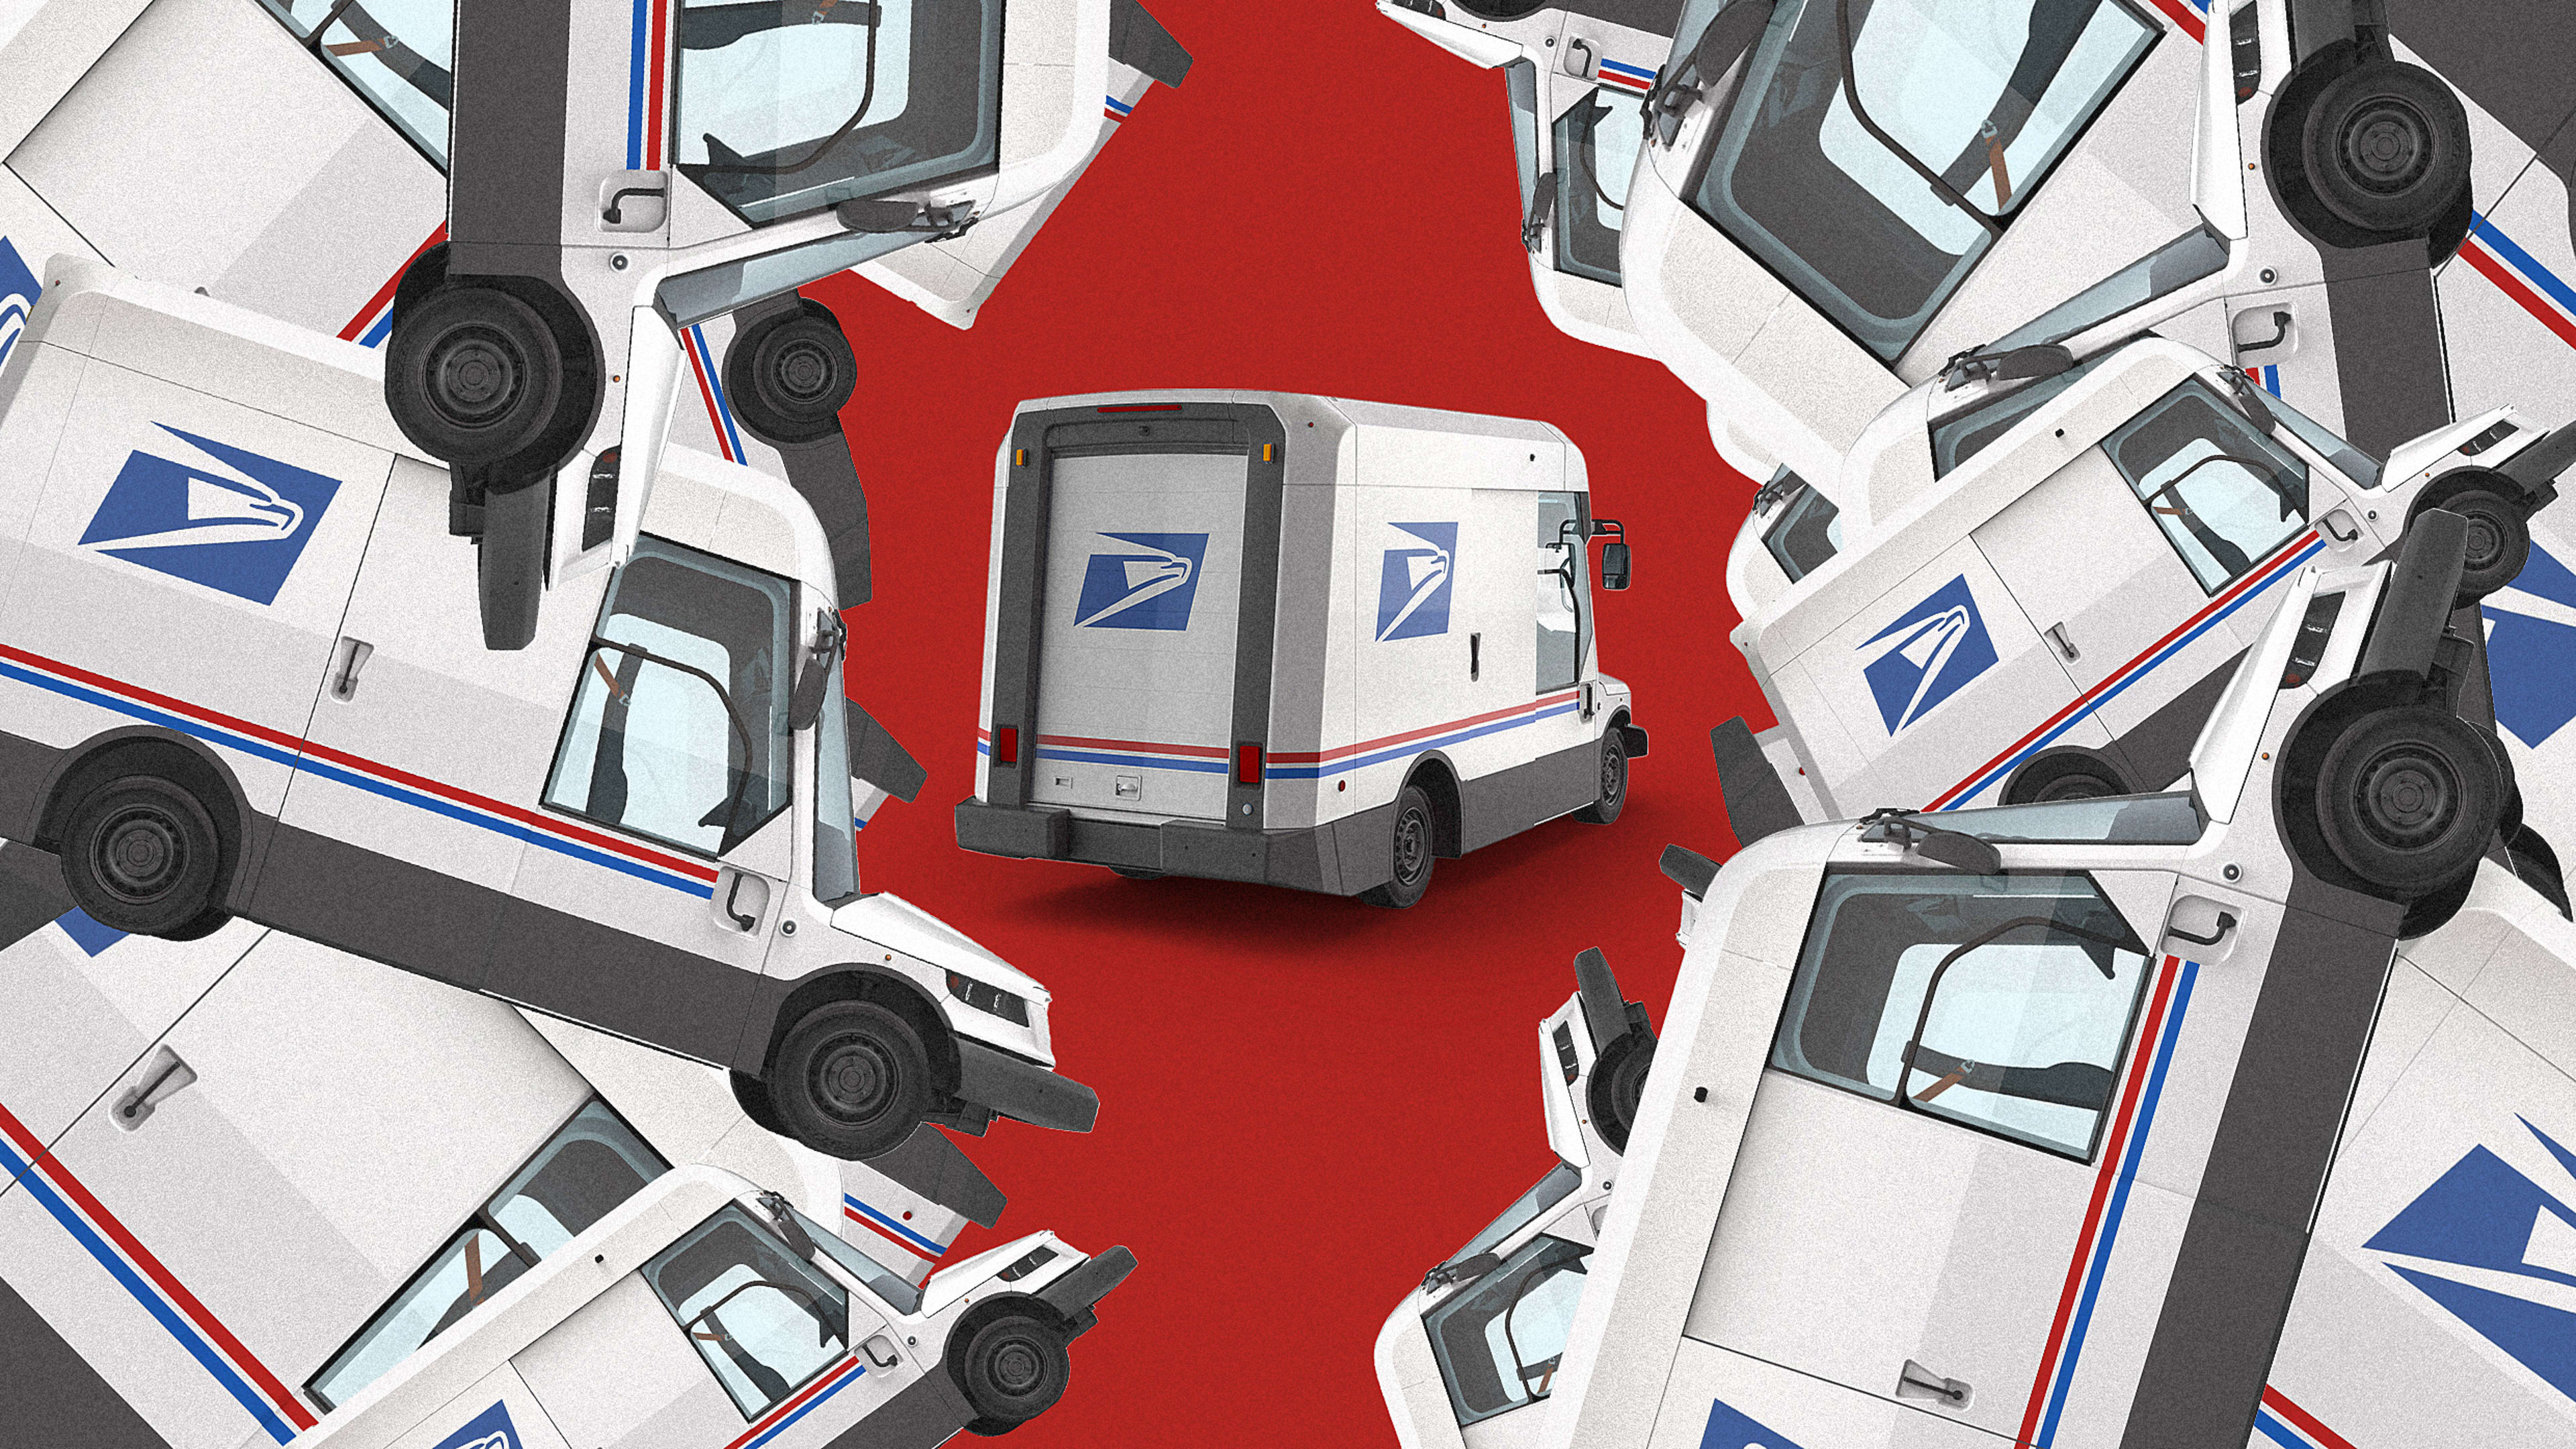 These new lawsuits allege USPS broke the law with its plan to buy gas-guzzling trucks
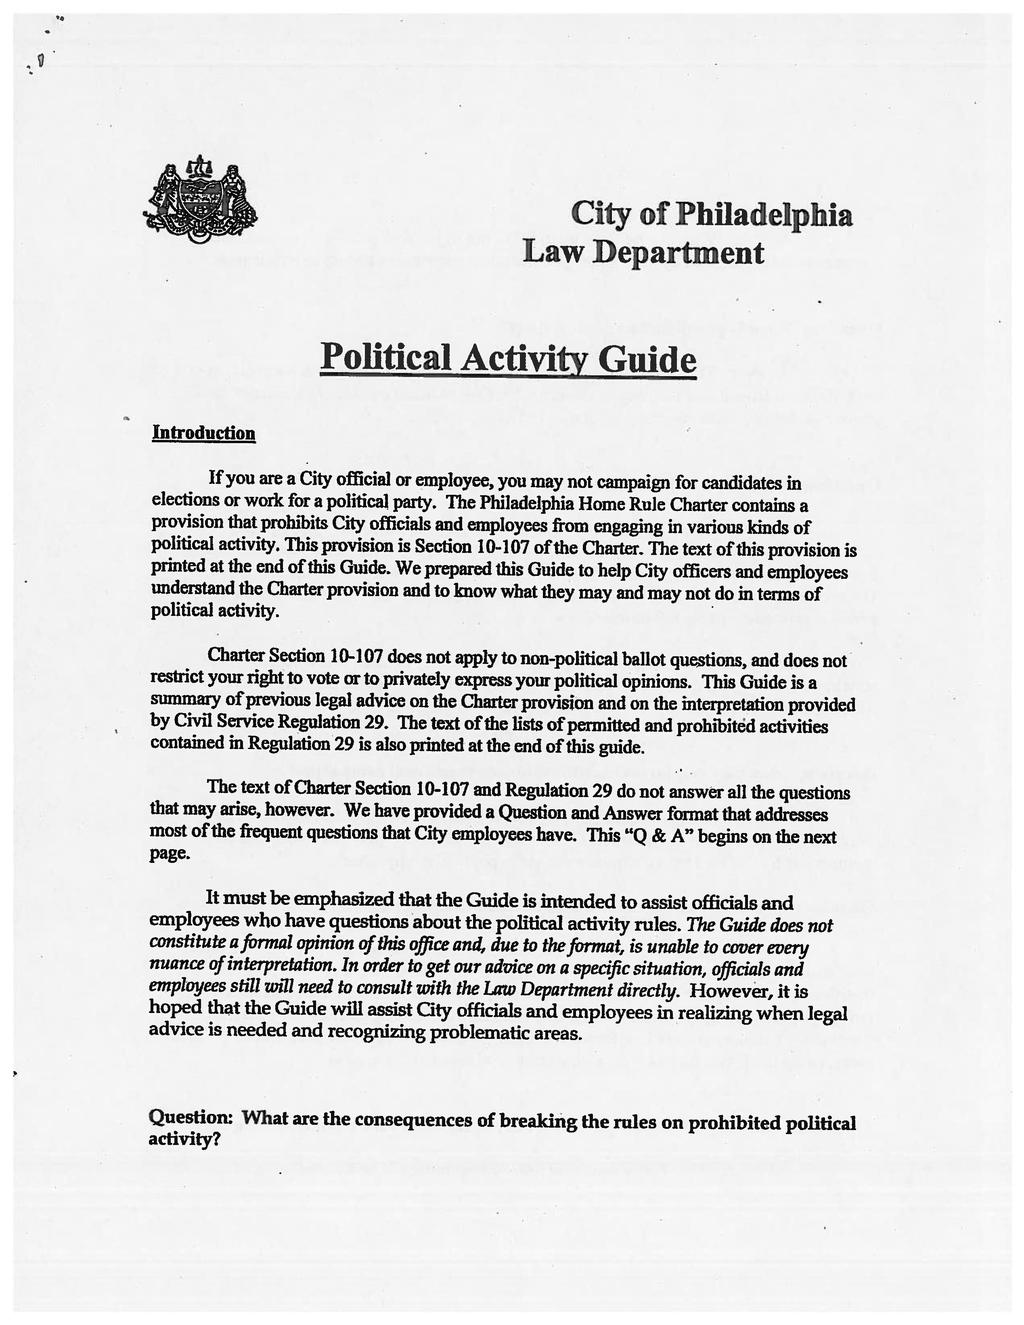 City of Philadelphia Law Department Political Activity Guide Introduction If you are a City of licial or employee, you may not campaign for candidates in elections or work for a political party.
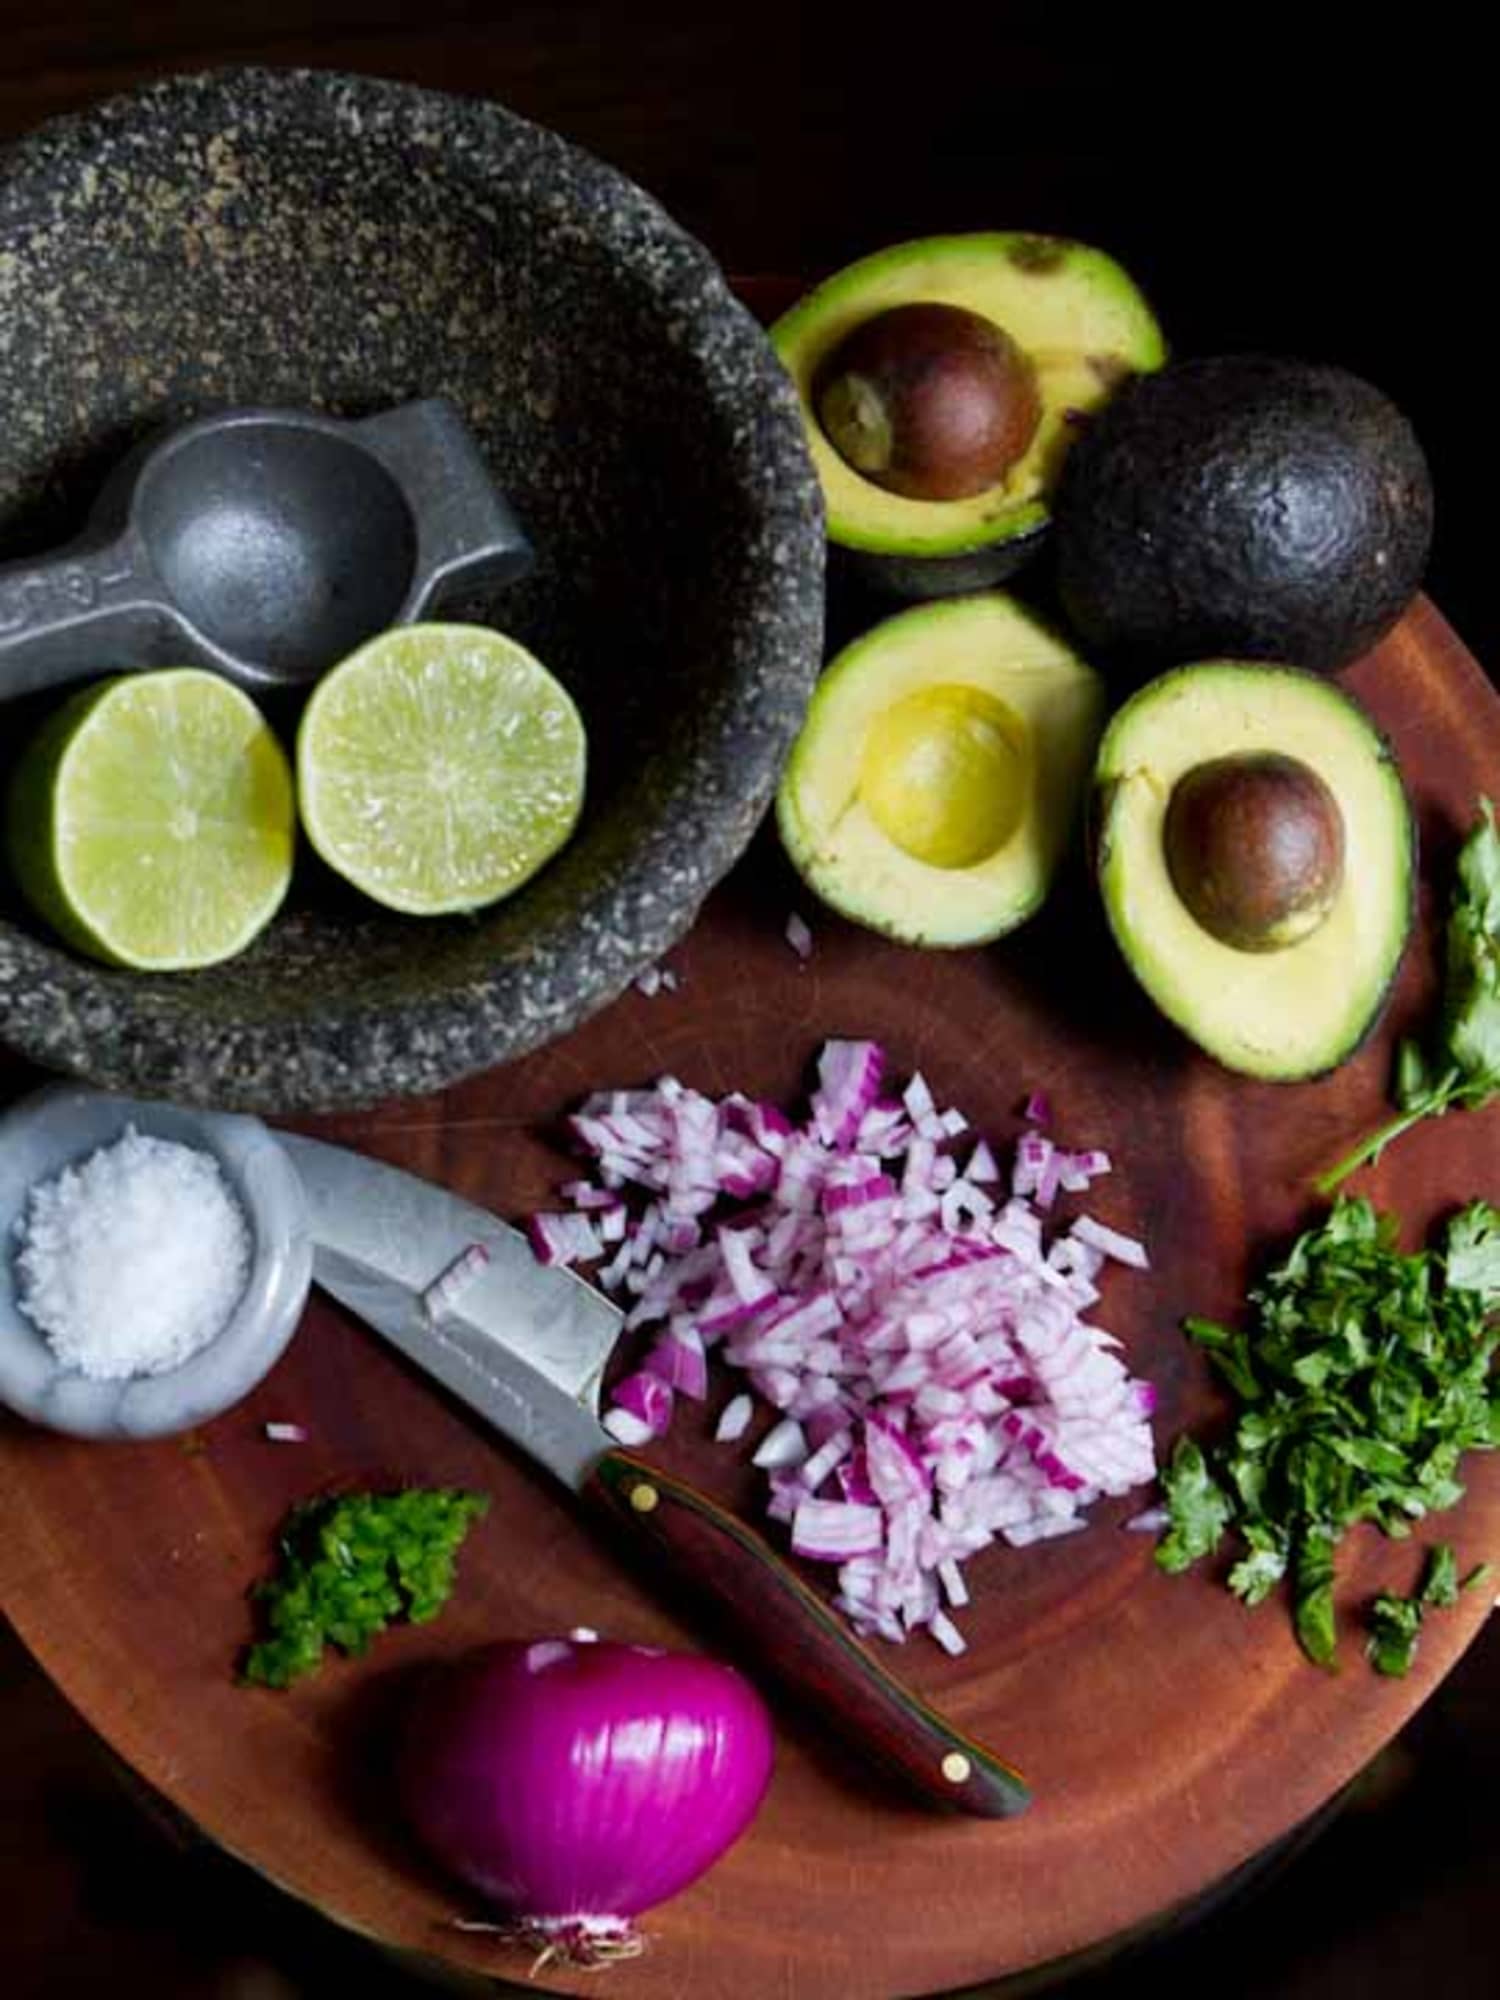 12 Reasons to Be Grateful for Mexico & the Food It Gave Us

Task goal – Set down the material above exactly as it reads, but not its pictures.

Response –
 These new lawsuits allege USPS broke the law with its plan to buy gas-guzzling trucks
 City of Philadelphia Law Department Political Activity Guide Introduction If you are a City of licial or employee, you may not campaign for candidates in elections or work for a political party.
 12 Reasons to Be Grateful for Mexico & the Food It Gave Us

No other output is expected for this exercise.